Avant Debussy, avant Fauré, Verlaine fut mis en musique par un compositeur de leur génération : Charles Bordes (1863-1909). Vraisemblablement par l’intermédiaire de Chabrier, le jeune homme, élève de César Franck, découvrit le poète et conçut sa première mélodie sur un de ses textes dès 1883. Pendant le quart de siècle que dura sa courte carrière, Bordes fut inspiré par une quinzaine de poèmes de Verlaine, les mêmes sur lesquelles ses plus illustres contemporains déposaient leur musique. Si admirables que soient nombre d’entre elles, mieux vaut peut-être ne pas comparer Charles à Claude-Achille ou Gabriel. Il faut malgré tout reconnaître que tout le cycle Paysages tristes est particulièrement inspiré : par son dépouillement, « Soleils couchants » préfigure Satie, voire Poulenc, tandis que dans « Epithalame », les enchaînements harmoniques rappellent beaucoup Chabrier. Défenseur passionné des obscurs, des petits, des sans grades, le label Timpani a rassemblé toutes ces mélodies verlainiennes, et pour obtenir un disque de durée acceptable, il a été décidé de compléter ce programme par quelques pièces pour piano. Et pour défendre ces musiques rares, Timpani a voulu mettre toutes les chances de son côté.

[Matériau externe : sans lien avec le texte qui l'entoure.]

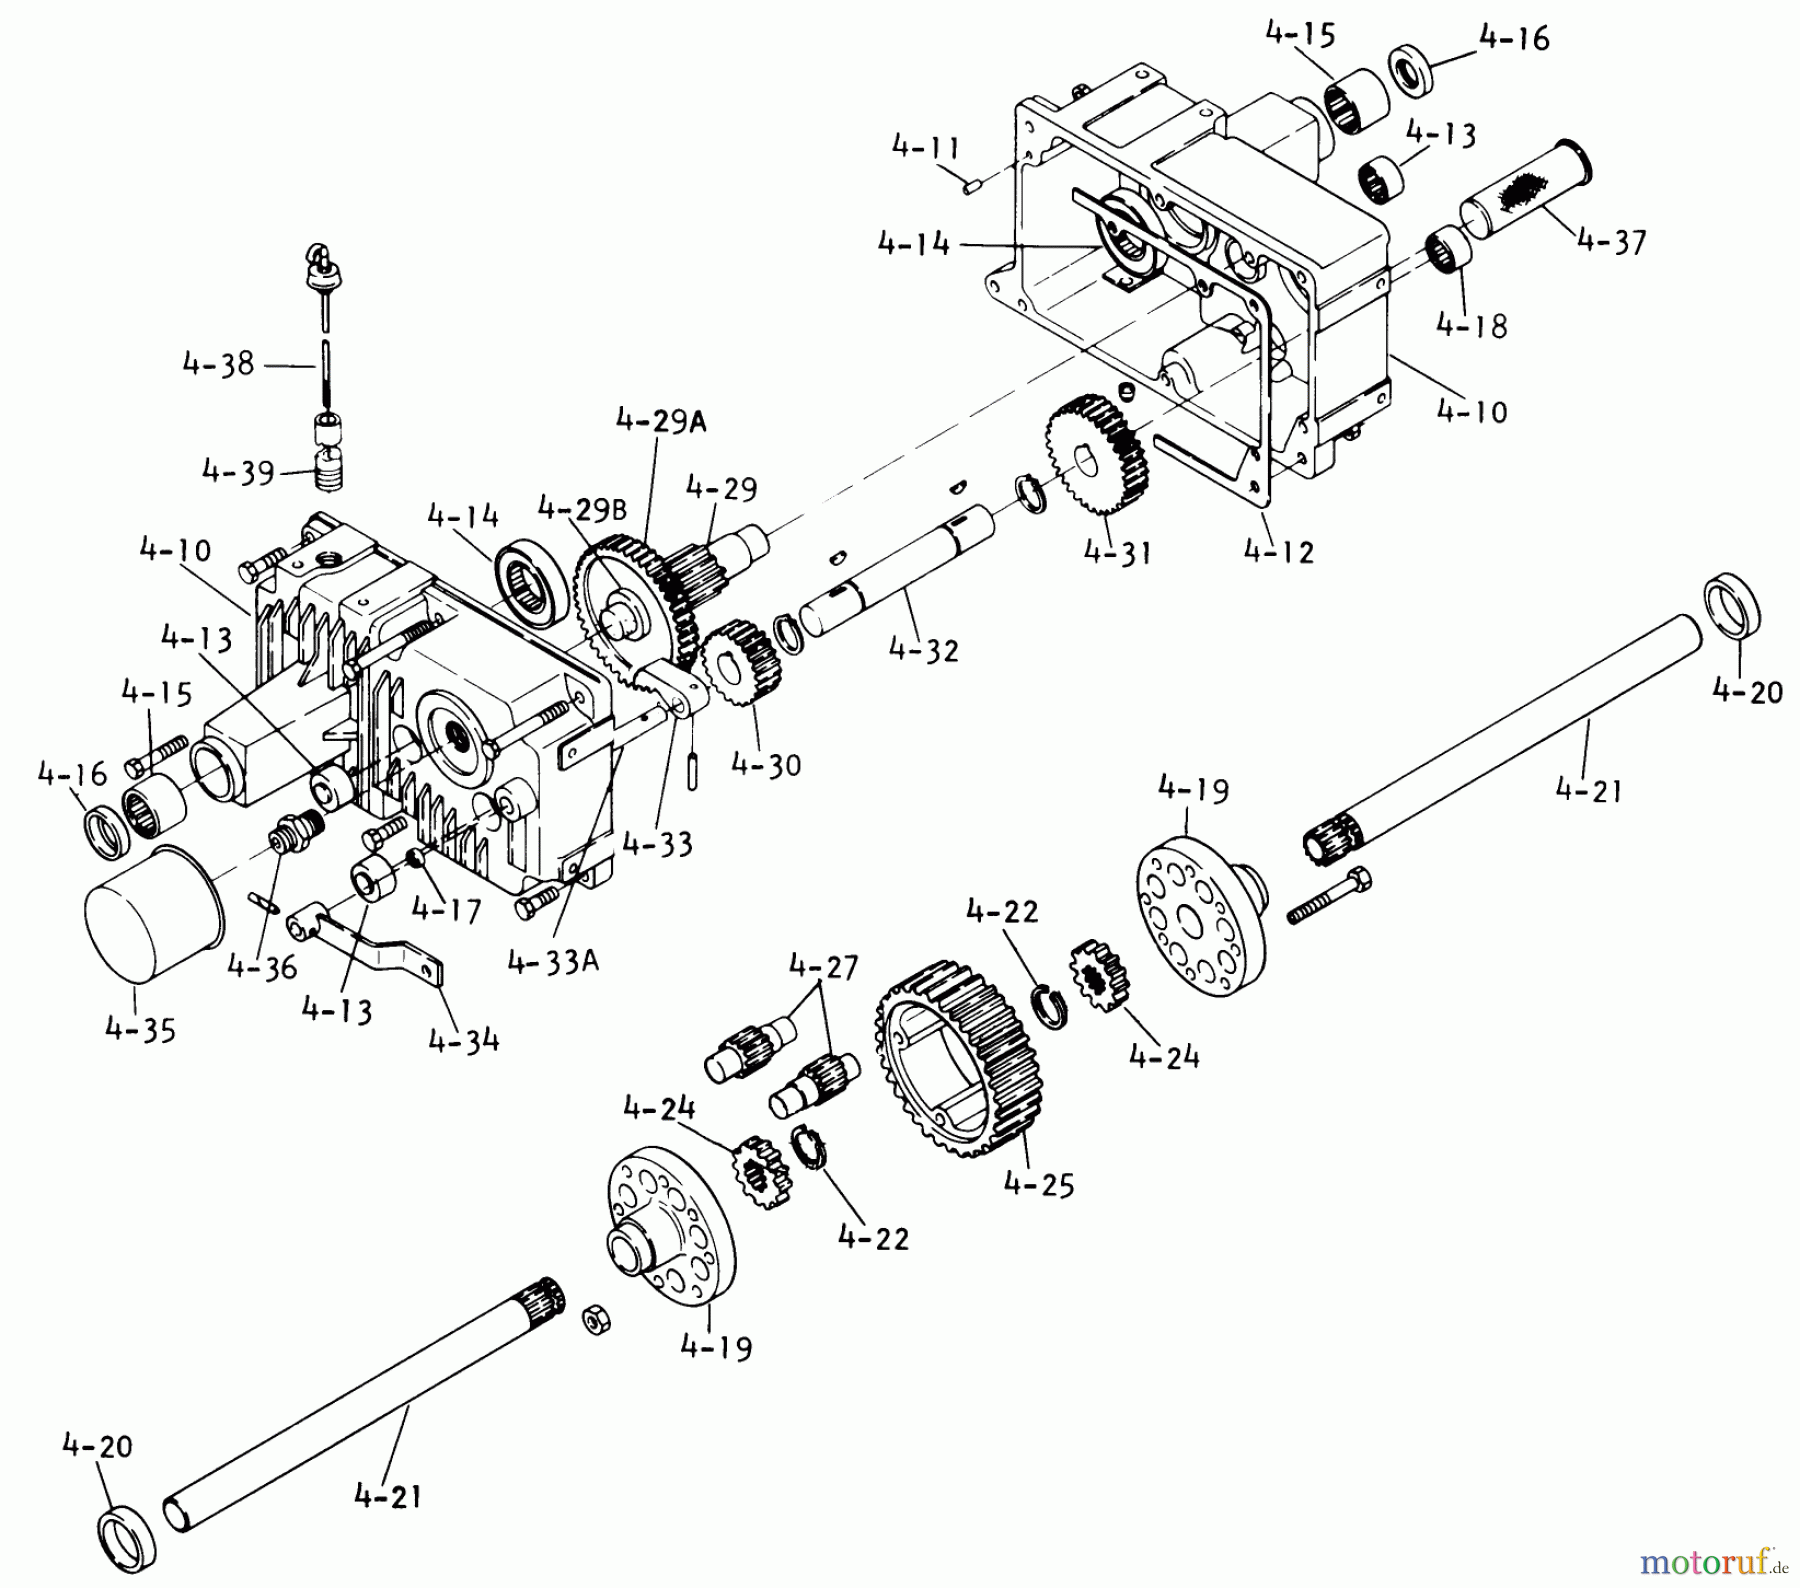  Toro Neu Mowers, Lawn & Garden Tractor Seite 1 1-0611 (D-180) - Toro D-180 Automatic Tractor, 1974 TRANSAXLE - COMPONENT PARTS (PLATE 4.010)

Ces mélodies ne dégageant pas une franche gaieté – en toute fin de parcours, « Dansons la gigue » vient introduire l’unique note allègre parmi ces textes sur lesquels plane l’ombre noire de la mélancolie –, les pièces pour piano soigneusement glissées parmi elles viennent parfois apporter un rayon de soleil. Fasciné par la culture basque (il travailla jusqu’à la fin de sa vie à un opéra basque qu’il laissa inachevé, Les Trois Vagues), Bordes le Tourangeau composa plusieurs pièces sur le rythme caractéristique du zortzico, danse à cinq temps. La mesure à 5/8 est celle qu’on trouve évidemment dans le Caprice à cinq temps, mais aussi dans certaines des Fantaisies rythmiques. Timpani a eu la main particulièrement heureuse en recrutant pour interpréter la musique pour piano de Bordes un François-René Duchâble qui n’en est plus tout à fait à ses débuts dans le rôle d’accompagnateur de chanteurs, mais c’est un exercice auquel il n’a que rarement sacrifié.
Et pour éviter la monotonie, Timpani a eu recours à deux voix plutôt qu’une seule. Partenaires dans Le Roi malgré lui à l’Opéra-Comique, déjà réunis par la firme pour Sophie Arnould de Pierné et Le Cœur du moulin de Séverac, Sophie Marin-Degor et Jean-Sébastien Bou n’en sont pas non plus à leurs premiers pas dans la musique française de la fin du XIXe siècle. Pourtant, la familiarité avec le répertoire scénique ne garantit pas la totale adéquation avec le genre de la mélodie. Il est louable de vouloir éviter les R roulés et de les prononcer comme on les parle, mais encore faut-il les faire entendre malgré tout. Là où les deux solistes sont à leur aise, c’est lorsqu’il faut donner de la voix : les mélodies de Bordes ne sont pas des fadeurs salonnardes à susurrer d’une voix de dilettante, mais des œuvres souvent conçues pour être accompagnées par un grand orchestre. Avec ce style plus opératique, c’est un peu ici l’option inverse de ce que proposait Jean-Paul Fouchécourt pour les quelques mélodies de Bordes figurant dans le disque « Verlaine et ses musiciens » (INA-Mémoire Vive). Le compositeur ne leur a pas toujours facilité la tâche, avec des mélodies au rythme parfois impassible, sans éclats. Entreprise à suivre, en tout cas, puisque Timpani annonce pour 2013 un second volume consacré à cette figure méconnue.